== COLLECTED DATA ==
· · · · · · ·
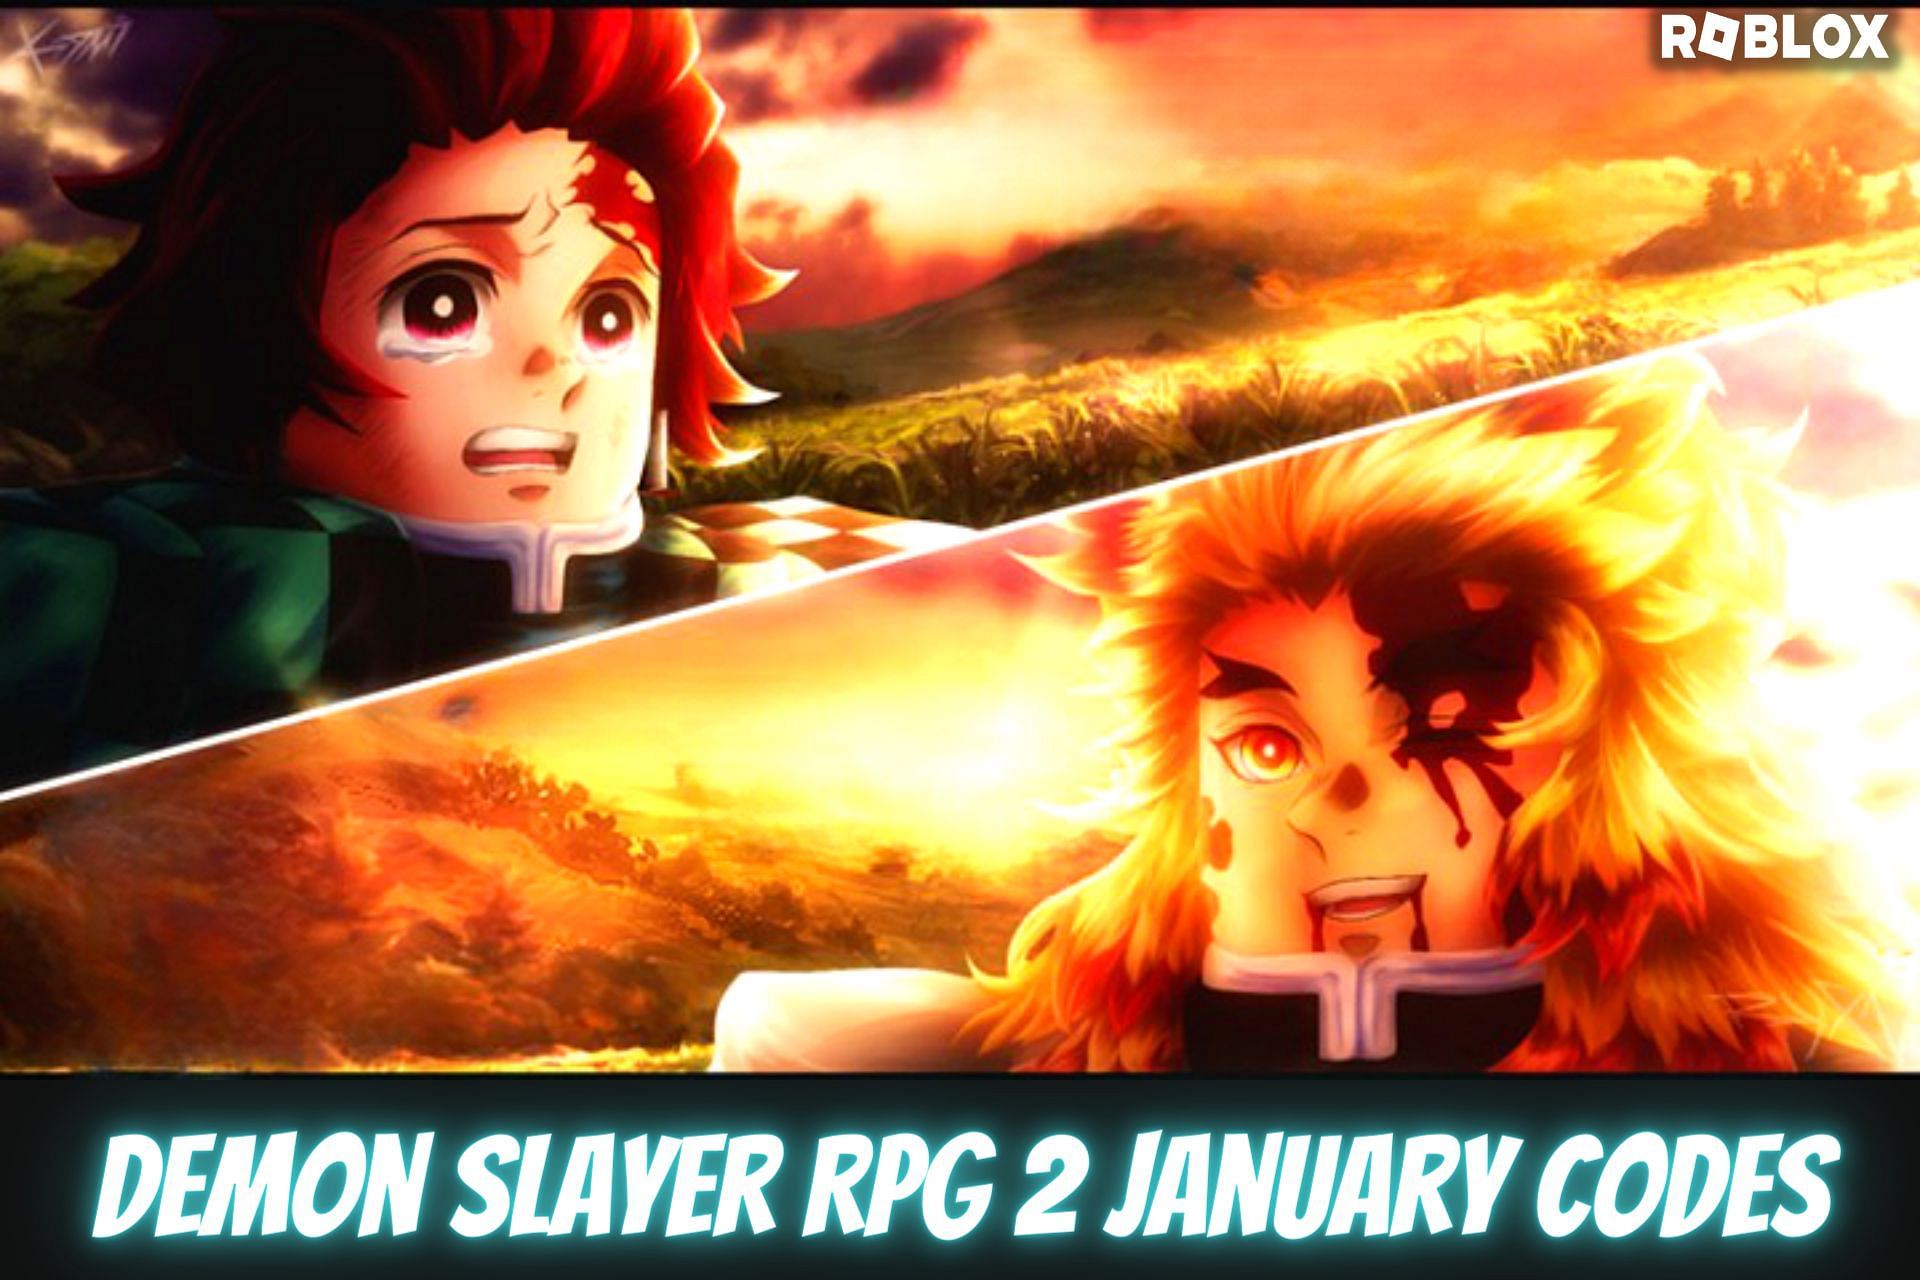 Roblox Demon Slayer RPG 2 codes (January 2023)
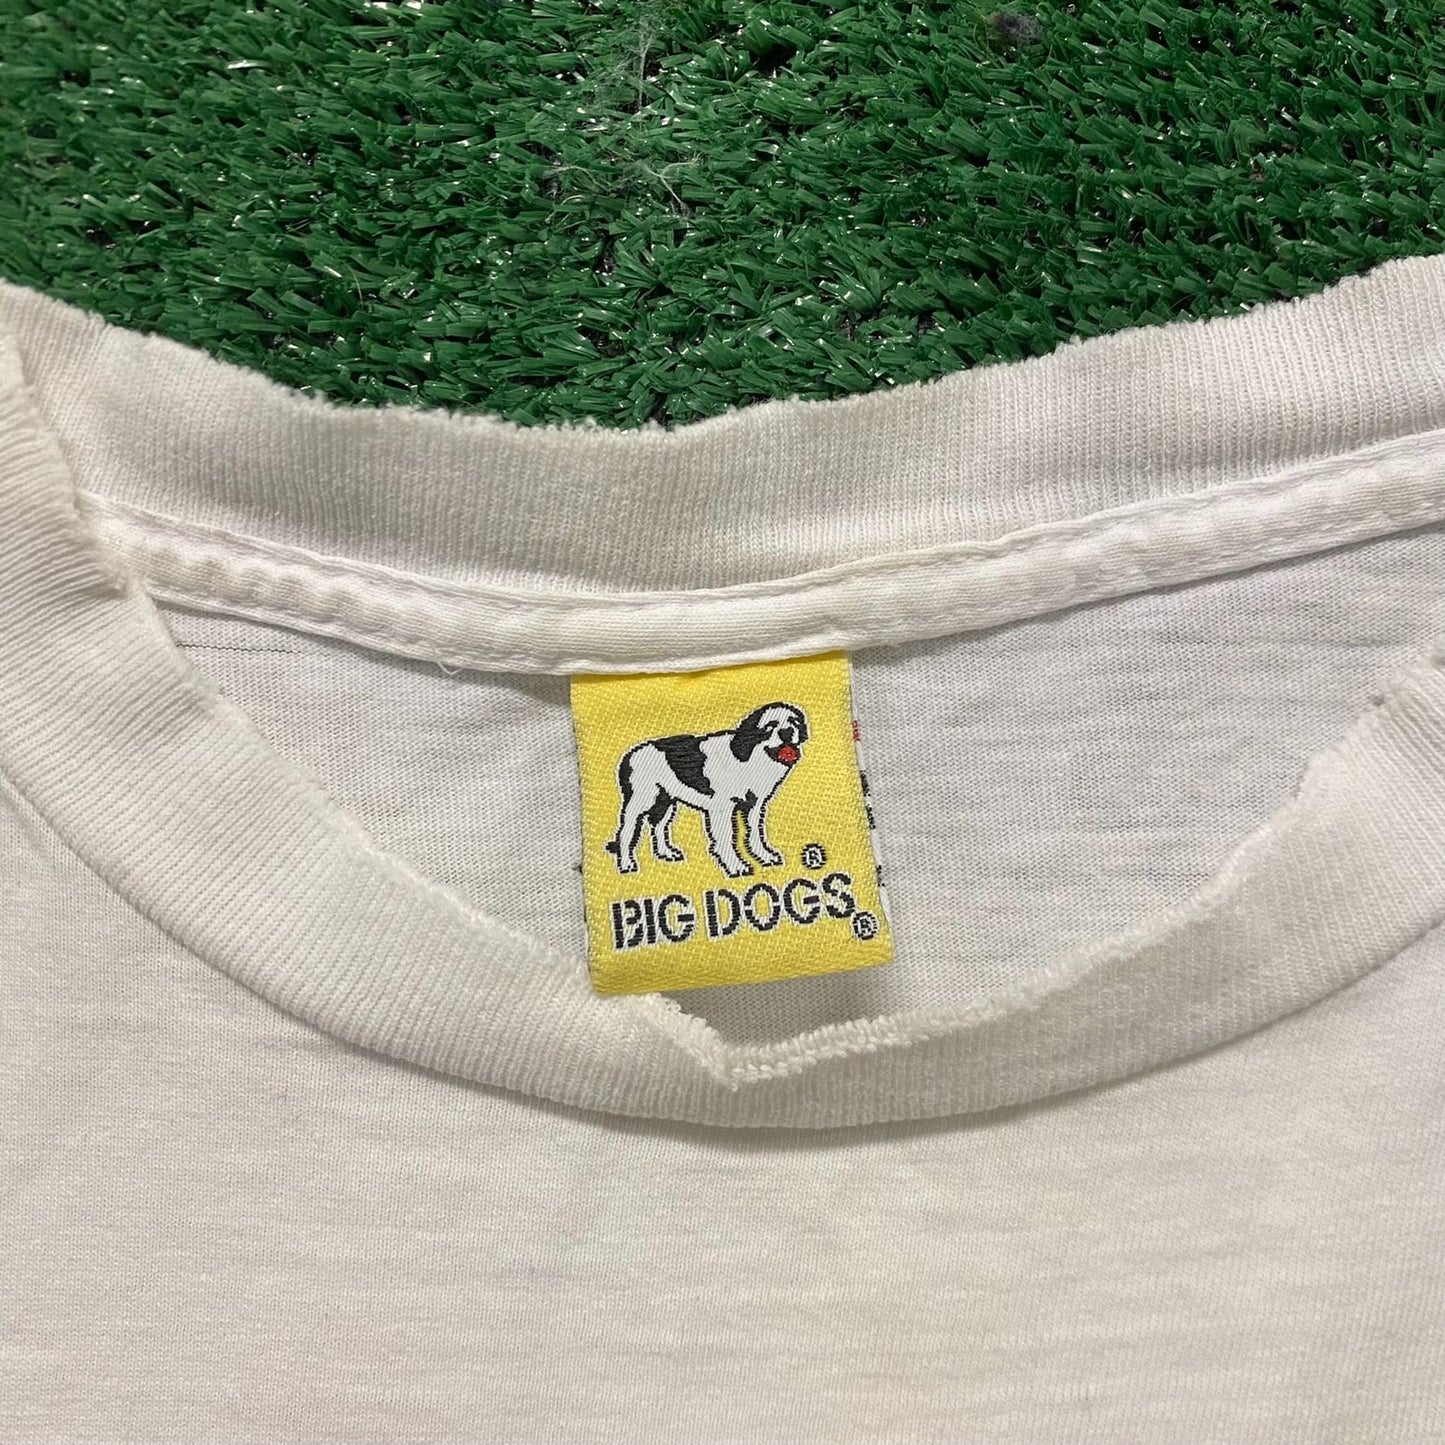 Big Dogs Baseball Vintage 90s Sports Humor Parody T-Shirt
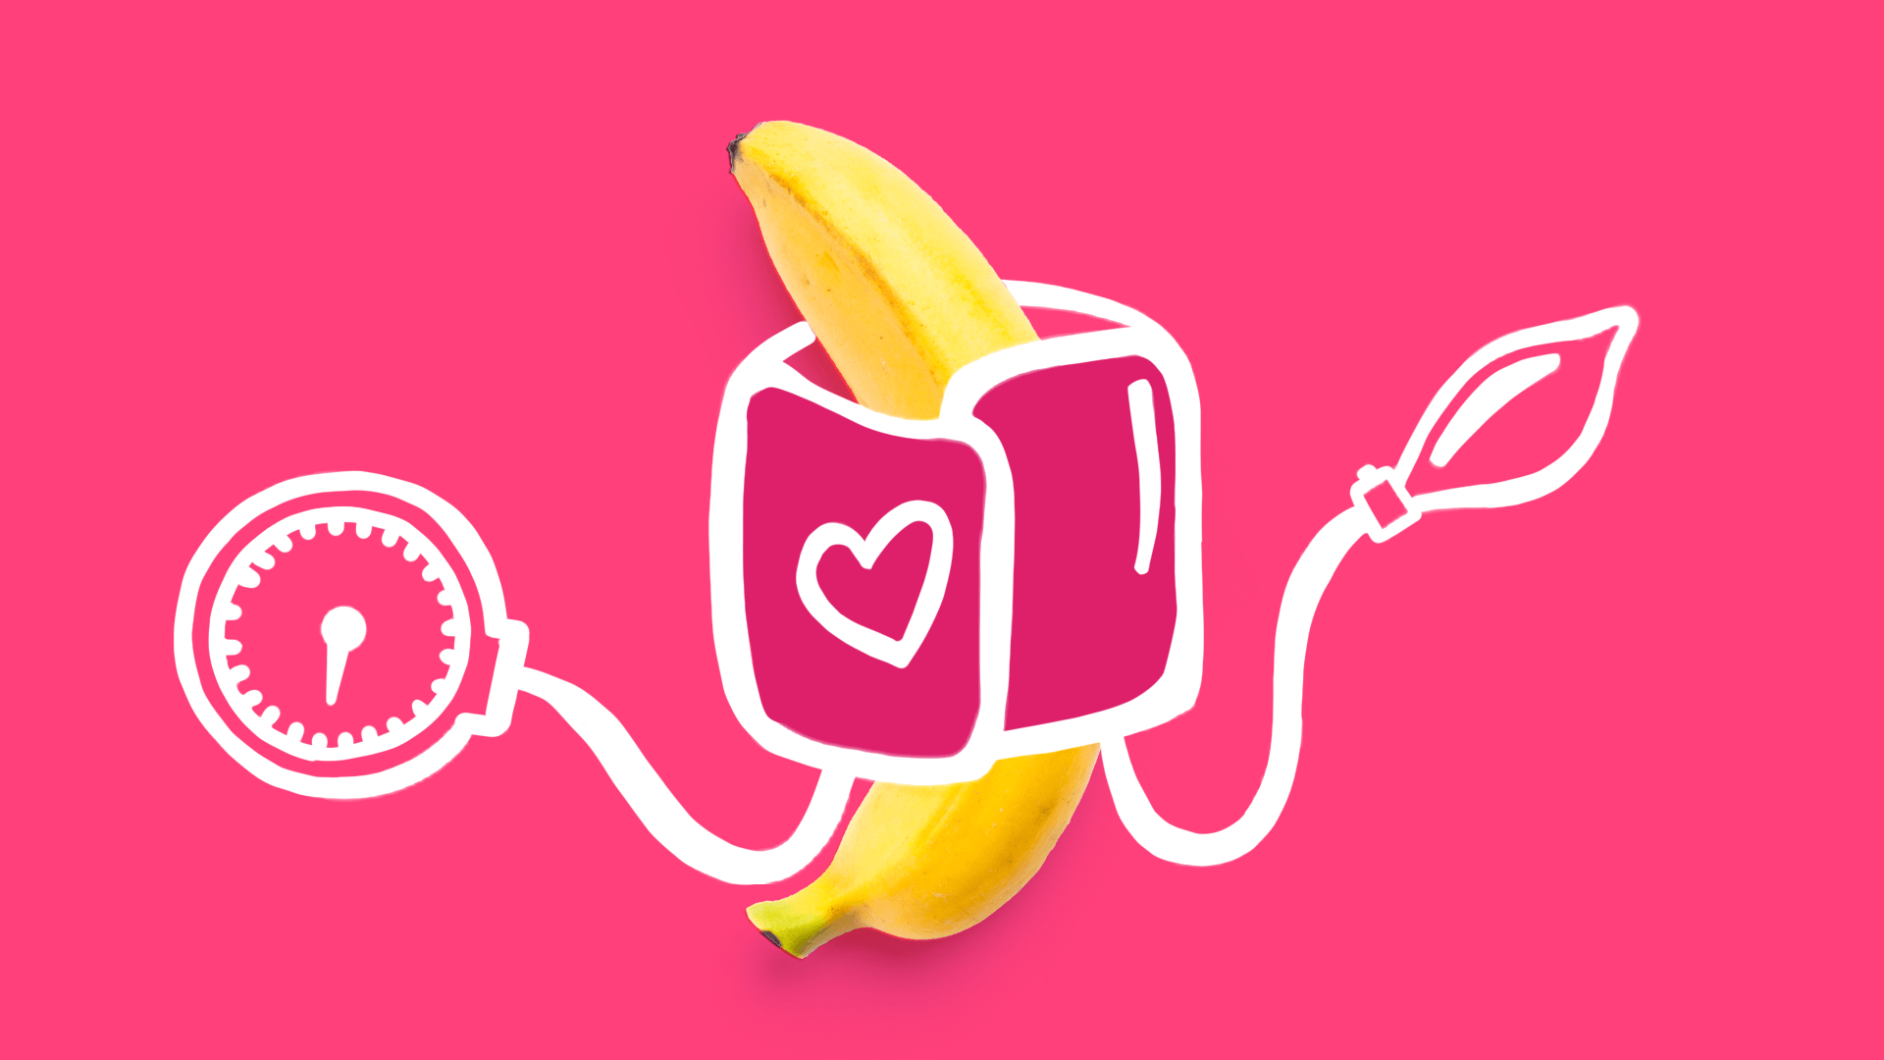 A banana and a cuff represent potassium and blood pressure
· · · · · · ·
== ACTION ITEM ==
Wherever a picture appears in the listing above, drop it, and restate the rest exactly.

== OUTPUT FOR THIS TASK ==
 Roblox Demon Slayer RPG 2 codes (January 2023)
 Big Dogs Baseball Vintage 90s Sports Humor Parody T-Shirt
 A banana and a cuff represent potassium and blood pressure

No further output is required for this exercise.